Genre and the Modern Writer

Genre is an unidentified sore spot for a lot of writers.

The days of genre defining a writer seem to have passed; a writer who focuses on one field is no longer kept solely to that field when they look for publishers and audiences.

However, this is a limited understanding. Audiences and readers still expect certain things from authors, and authors writing in a genre can still become known for their work in that genre (think George R. R. Martin, who has become known as a fantasy author, or Ursula K. LeGuin, who is known as a science-fiction author).

The stigma on “genre” fiction has mostly fallen away. Pulp is respected as a deliberate writing decision, and the days of being déclassé for deigning to write for a mass audience have ended, at least in the consciousness of readers. High quality upmarket fiction has come out of every major genre, and many of the minor ones. In many cases these books have received major literary awards, and authors who have a “literary” background are moving into the space of speculative fiction in particular. Kazuo Ishiguro, who wrote The Remains of the Day as a profoundly literary work then wrote Never Let Me Go and The Buried Giant as more genre-oriented, but no less profound, works of fiction. Emily St. John Mandel’s Station Eleven blends literary and genre fiction in a way that appeals to literary elites and common readers alike.

So how should you, the writer, define yourself in terms of genre?

Don’t.

Know your work well enough to define it, and know the market well enough to see where you want to take it, but don’t think about writing in a single genre. You can market your fiction with a mass-market or upmarket approach, but all this does is sort your work for a particular community rather than heavily impacting the number of readers, and genres increasingly have upmarket and mass-market overlap.
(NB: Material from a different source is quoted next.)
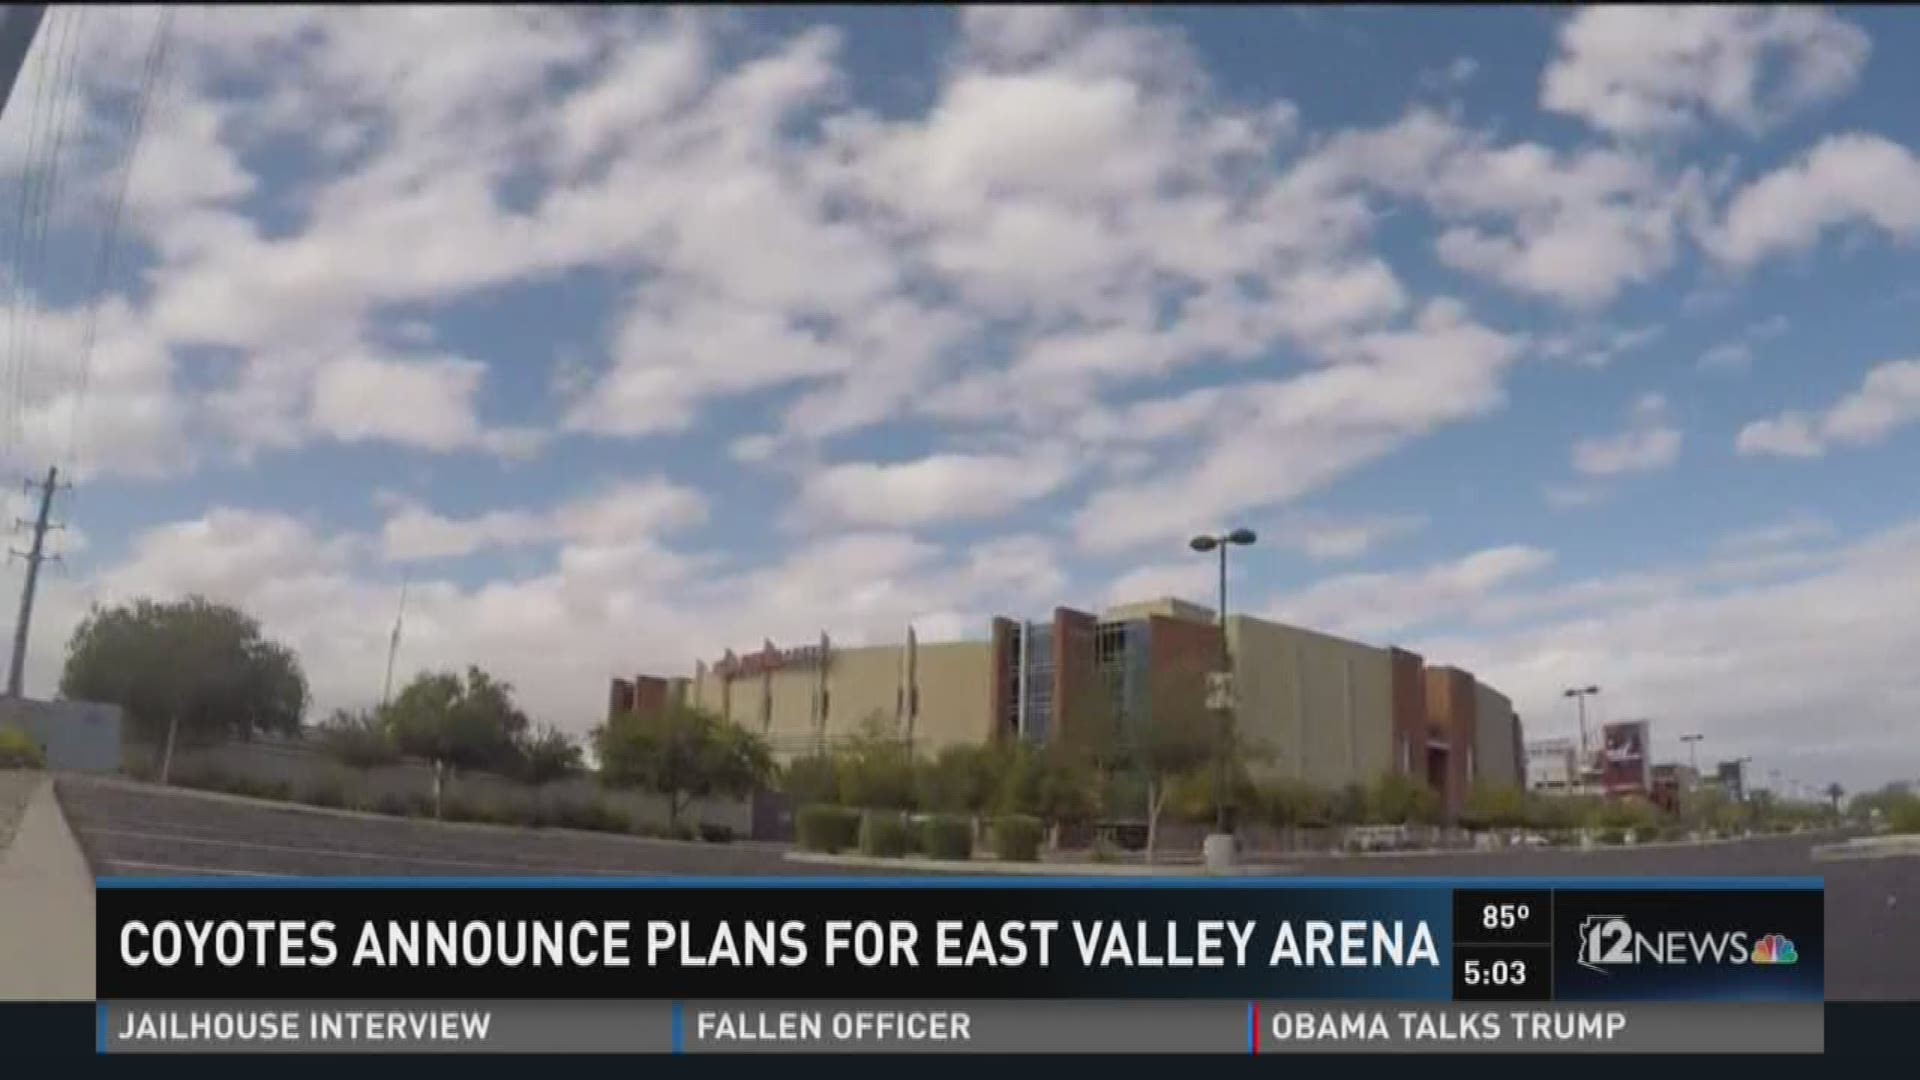 If all goes well, Coyotes could move to east valley in three years.

To lose focus on a particular genre and marketing approach means that you’re going to be looking at different audiences for your work. This does not seem to be the crisis that it once was; readers of fiction by genre and readers of fiction who are primarily loyal to authors have some overlap, and you might pick up some from each camp as you move through different genres.
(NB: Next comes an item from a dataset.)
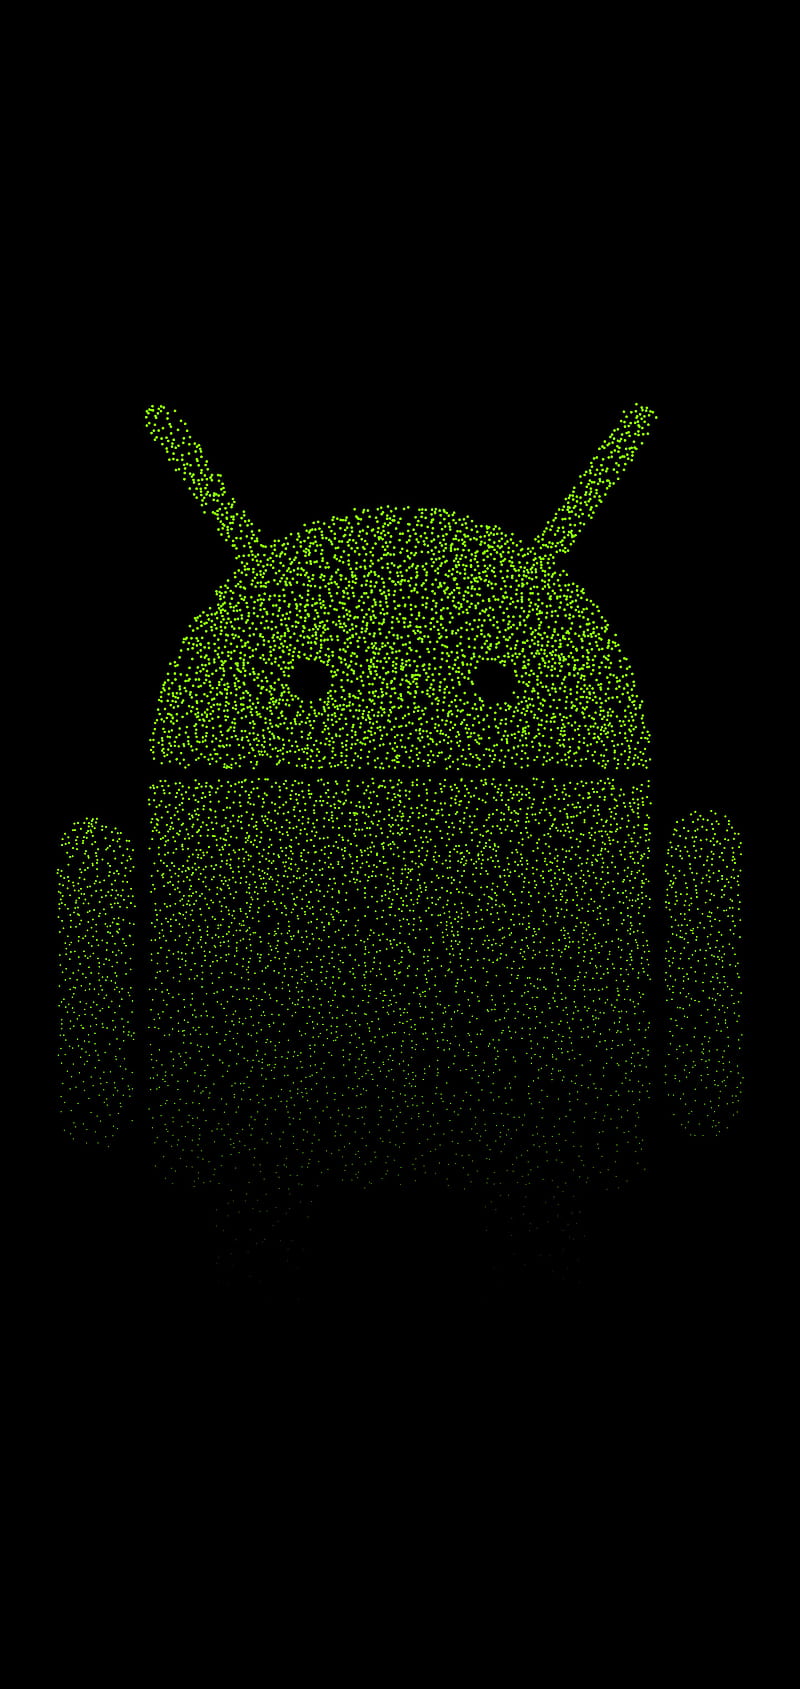 android robot live wallpaper

However, there are difficulties to this approach. You will only succeed if you can put out outstanding pieces in each genre, and if you can reach a target audience. This requires some familiarity with the genre, and a willingness to reach out to the market in a way appropriate to purpose.
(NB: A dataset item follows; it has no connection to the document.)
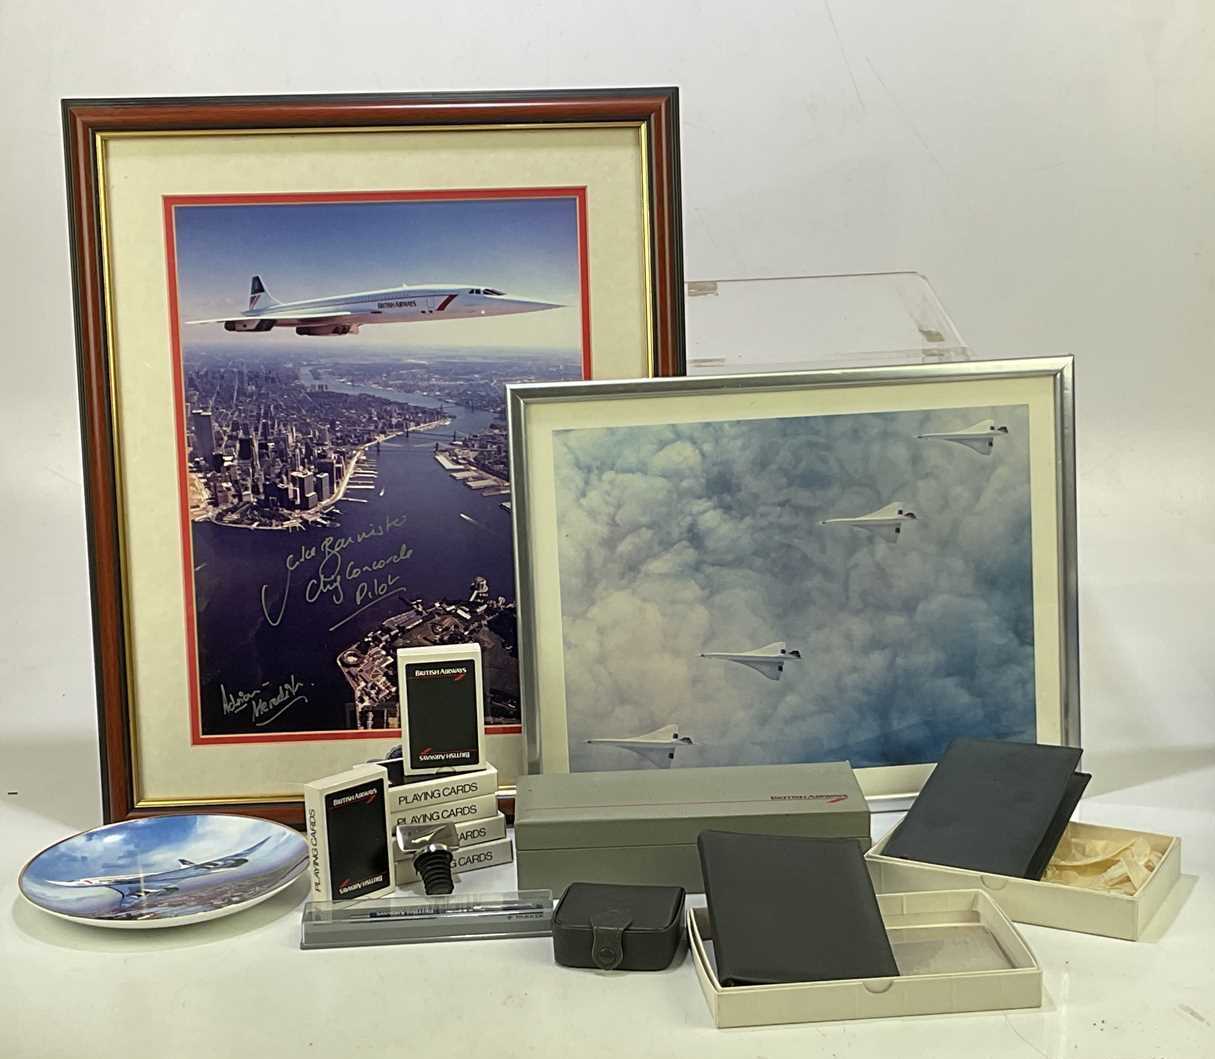 CONCORDE INTEREST; a collection of memorabilia, including a large signed framed picture of

When I look at authors who have created significant works across multiple genres and achieved commercial success, I see that they have defined themselves by pointing to an important element in their writing outside the genre. Ishiguro is, essentially, a modern Dostoevsky, giving existential insights to the modern/postmodern existence. LeGuin explores the absolute limits of our understanding and speculates about what could be.

So with that in mind, you can define yourself by genre but it’s not necessarily the best idea.